In this chapter, I begin by explaining my use of the terms, ā€˜politics and teachers’, in relation to each other and in particular with regard to the study of teachers’ work as work, the creation of policy related to the conditions and contexts of work and the right of teachers to be involved in the creation and maintenance of that policy. Secondly, I describe the early formation in the modern period of a distinctive way of managing teachers, their work and their politics by their incorporation into the education system (using the ideas of Sydney Webb [1918]) and the management of their ā€˜independence’ under indirect rule. The consequence of these congruent processes was the paradox for the politics of teaching that teachers had to be non-political. Thirdly, I raise another related issue about teacher politics, which was the social danger the teaching workforce represented to the modern State. Even though this danger might be symbolic, it had consequences for the political relations between teachers and the State. The social danger of an organized teacher workforce wasn’t necessarily based on what teachers did, it was what they represented. However, while the danger might be symbolic, the means to deal with the collective of political teachers also included a method of policing the boundaries of teaching so that they became separated and coerced. Fourthly, I explore the continuing politics of teaching in the modern period as a war of position, based around the double-edged ideology of professionalism, around school-work disputes and around images of the ā€˜good’ teacher. Finally, I want to look at a further and related aspect of the relations between the State and teachers. Each party had to win support politically over time, in periods of change. Teachers might work within teaching as part of their membership of new social movements. They work, in and outside of their unions, in a discrete public politics which involves the policies of the State and contemporary ideas about work, citizenship and society and which is affected by different periods in the development of the modern State.

Politics and Work

I should begin by explaining my use of the term ā€˜political’ with regard to teachers’ beliefs and actions. I am interested in the way teachers act politically within education, acting within their teacher associations and making alliances with other groups or using a language of politics drawn from outside teaching to explore their roles, relations and work.1 I am also interested in the way the modern State (using England and Wales as an example of the modern social democratic State in the twentieth century) deals with its workforce of teachers politically.

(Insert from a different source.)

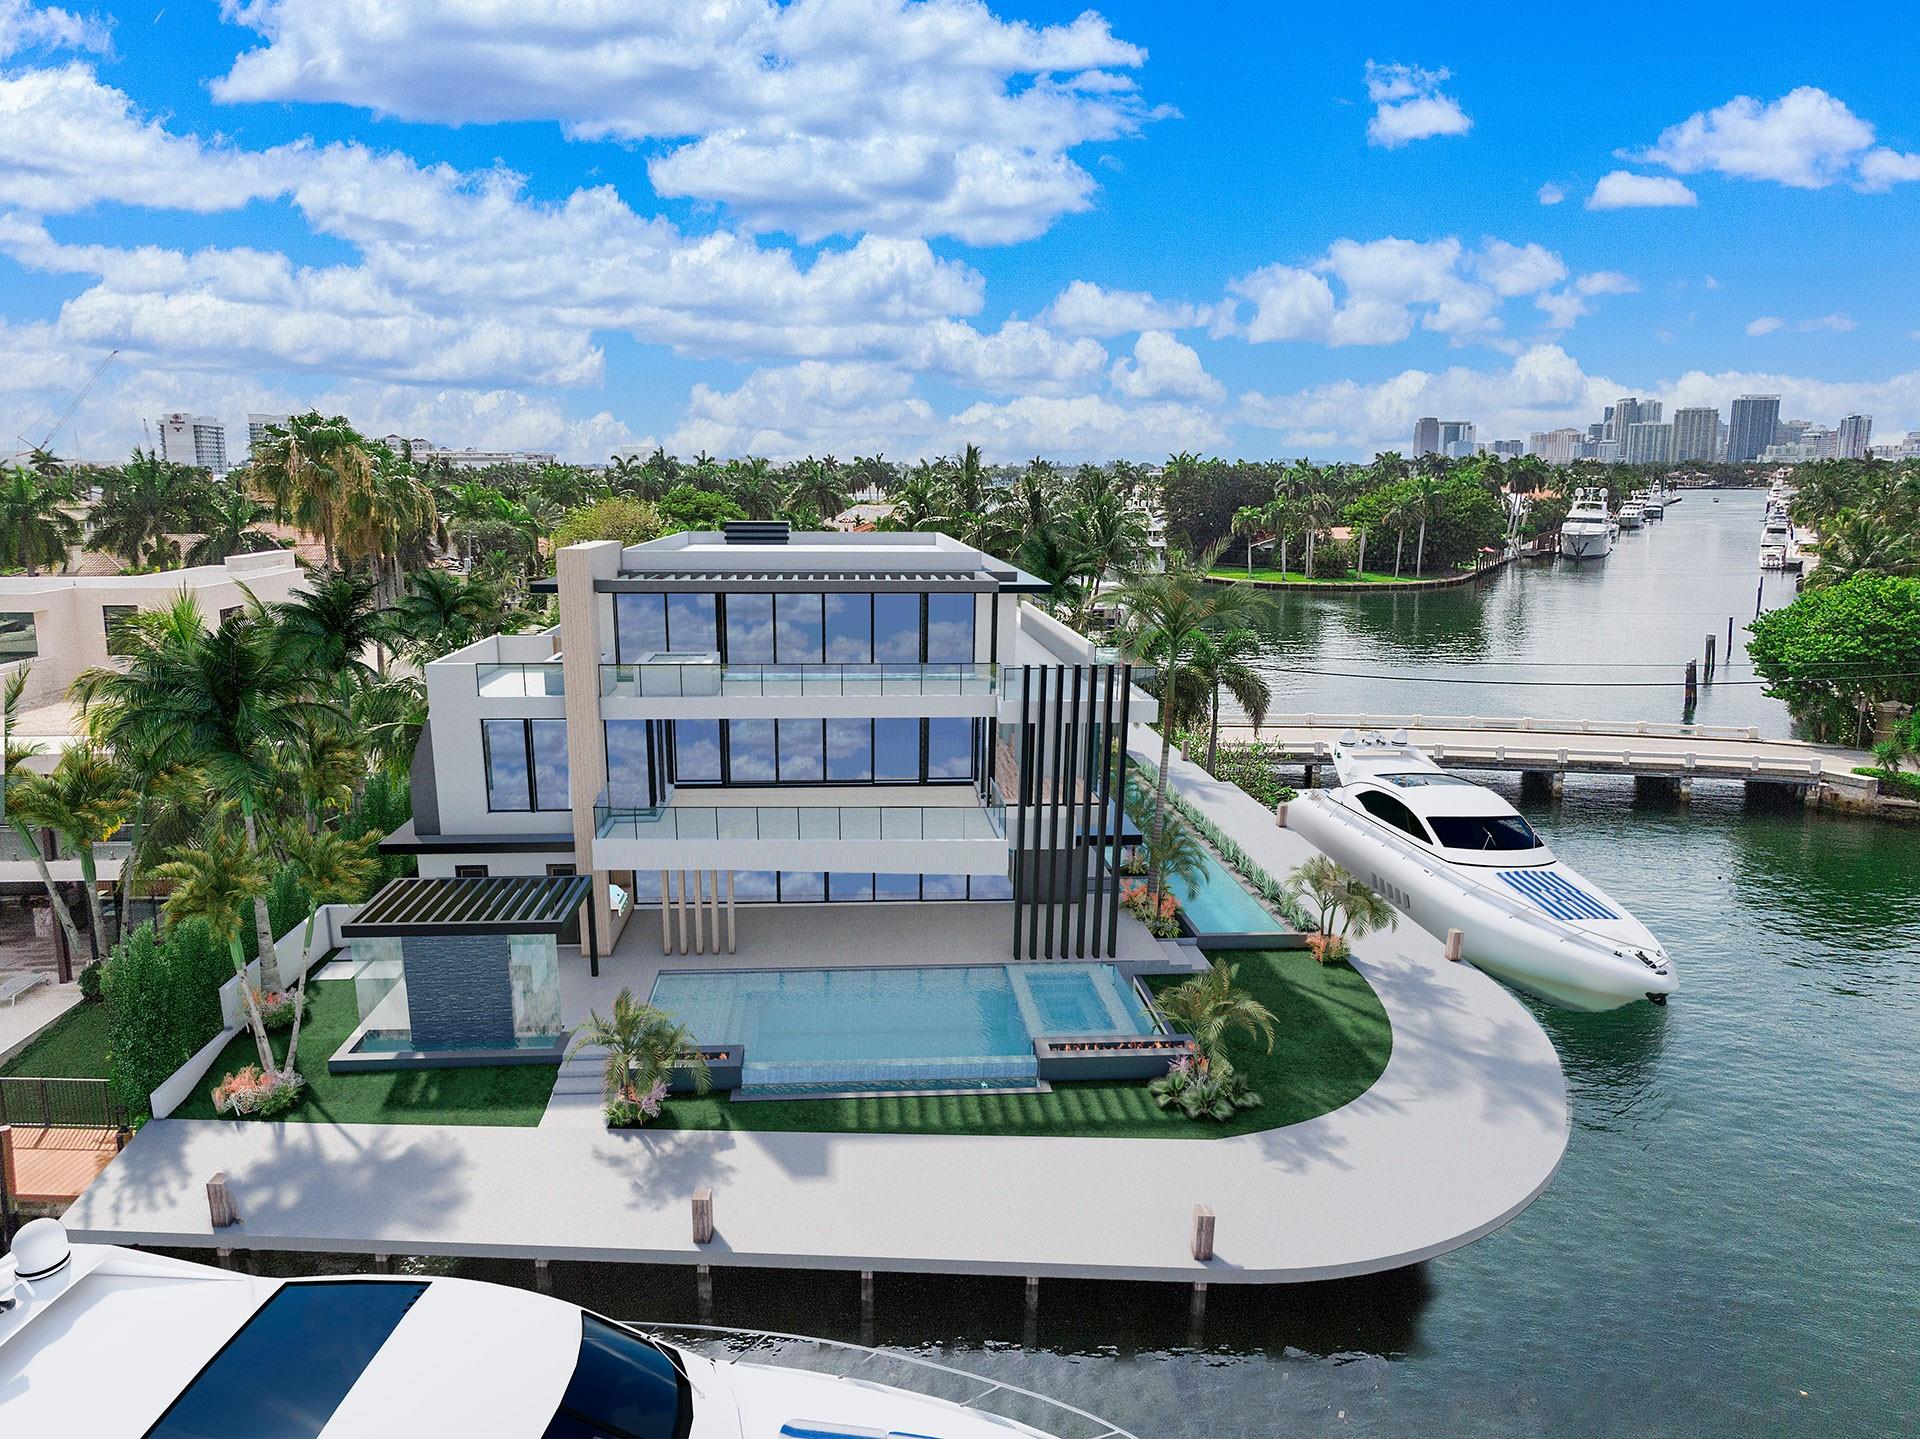 Welcome to Ft Lauderdale's Most Premier Luxury Modern Compound!  Positioned on an Amazing One of a Kind Point Lot within The Most Prestigious Gated and Secured Community of Harbor Beach!  This Rare Trophy East Point offers 250+/- of deep water dockage for large or multiple yachts and Delivers Sensational Lake Sylvan and Picturesque Downtown City Views! Let your Imagination Run Wild over 3 Floors of the Finest Italian Finishes, Home Wellness Center/Gym, Office, 7 Bedrooms, Roof Top Lounge, equipped w/Bar, Media Room, Game Room, and Expansive Wrap Around Roof Top Deck. Outside Escape to your Wellness Resort in Complete Privacy, Multiple Pools, Hot/Cold Plunge, Sauna/Steam Showers, Exquisite Summer Kitchen w/Bar and Dining, Waterfalls, Fire Features! Coming Nov 2024! Seize the Future Today!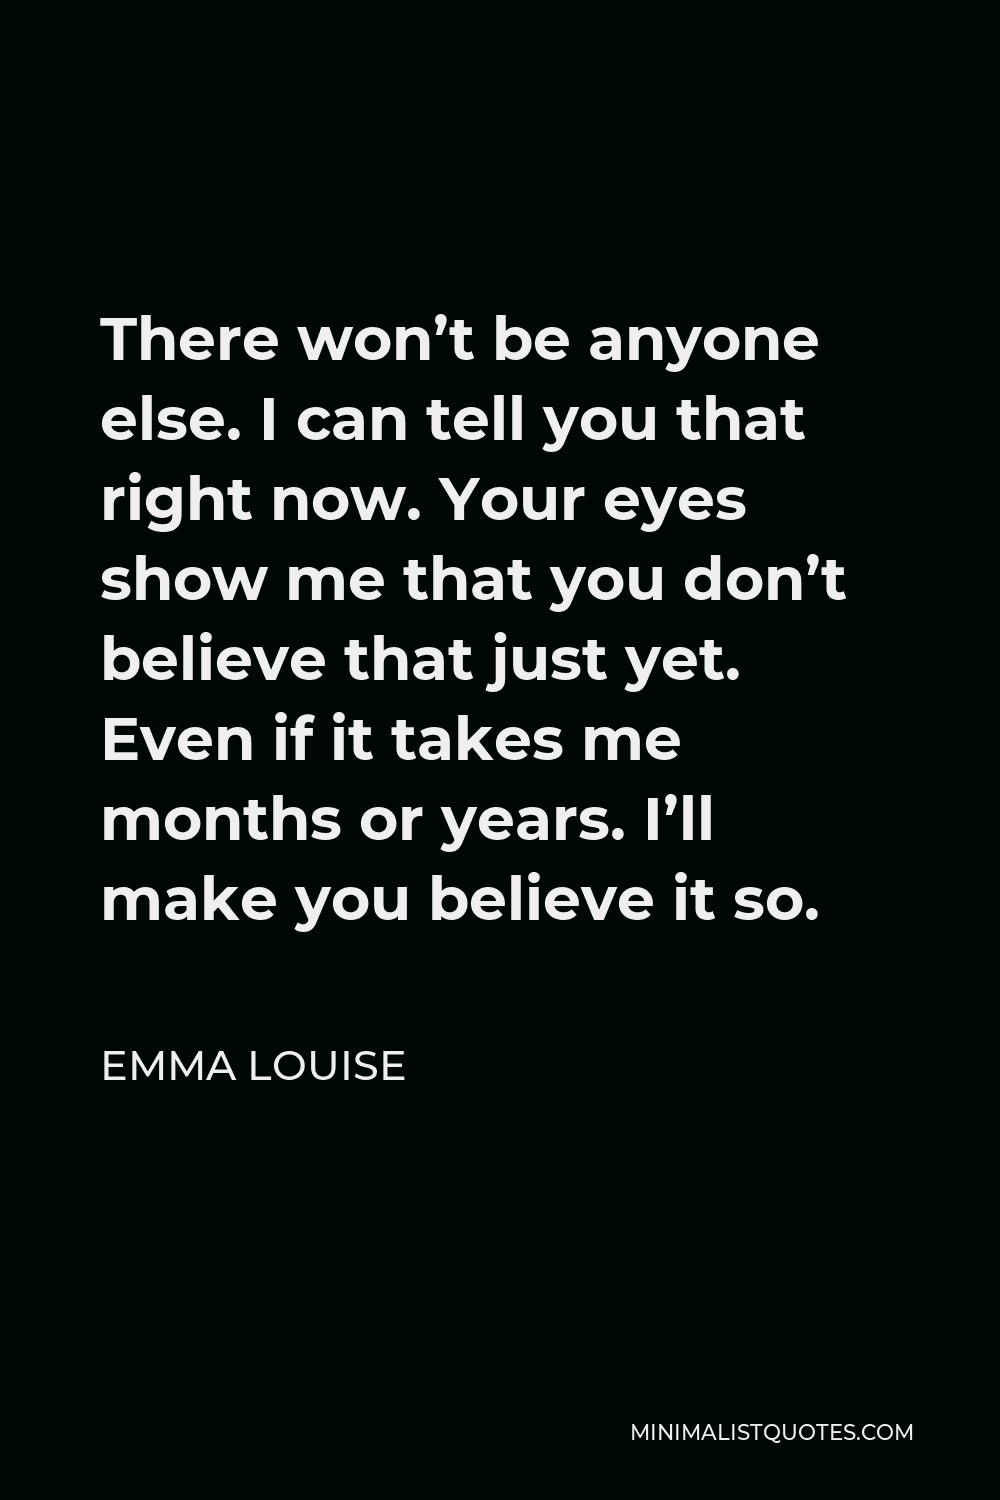 Emma Louise Quote - There won’t be anyone else. I can tell you that right now. Your eyes show me that you don’t believe that just yet. Even if it takes me months or years. I’ll make you believe it so.

My argument about teachers and politics is based on the assumption that teachers have certain legitimate interests which flow out of their conditions of work: these interests seem to cross all kinds of societies if they employ a distinct group of people in a system of schooling. Teaching is organized in the modern State within particular forms of production, containing labour processes which determine many aspects of the content, skills, speed and work relations of teaching. This is not a socially neutral process to be excluded from our understanding of what teaching is; without a knowledge of the work context of teaching, their collective actions, in their various forms tend to make little sense or are excluded by nature of their lack of fit to the ā€˜real’ teaching. As the school is a site of struggle over the nature of teaching so is the history of the relations between the teachers and their employers; in one form or another this means the State in modern democratic societies. As has been argued before:
The study of teachers’ work as work should remain at the centre of research in this area. Like other forms of work, teaching should be properly served by a thorough study of its practices, struggles, lived experience and contradictions. Such an approach can range from studies of relations at work or the politics of skill control through to local and national policy-making involving organised teachers and their arguments on the nature of their industry. Most importantly, this study should be historical, recognising the movement of teachers in and out of teaching, and change in schools, in local authorities and in central and local educational policies. (Ozga and Lawn, 1988, p. 334)
Obviously the concerns of the collective of teachers are expressed within their organized deliberations, as is their relationship with their employer and management. Another feature of their work is their interest in the policies reflected in the schooling system, viz., its funding, expansion or decline, resources, current ideologies. Yet when teachers involve themselves in these policy areas it can be regarded by their local and national employers as a usurpation of ā€˜democratic’ processes or the management’s right to manage. Teachers can be seen as both main agents of social reproduction and low status operatives in the education system: this is the source of the contradiction which the phrase ā€˜the political nature of teaching’ describes. It is revealed in different ways, for example, in the gap between their actions and the way these actions are seen by the State. Alternatively, this tension in their work and their relations with the State is seen in contemporary English history within debates on professionalism, following a strike or an outbreak of moral panic or a political crisis. This tension may very well take different forms in other societies, it will always be there in one form or another. So politics means, in this context, the achievement of policy related to the conditions and contexts of work and the right to be involved in policy making.
However, this right to be involved in policy making leads into a further dimension of teacher politics. Teachers aren’t neutral in society or just defenders of their labour process. They may enter into teaching with a particular view of society and education, expressed within contemporary politics or social movements. They may develop a social/education project which leads them into a party or movement membership or into public alliances through their collective associations.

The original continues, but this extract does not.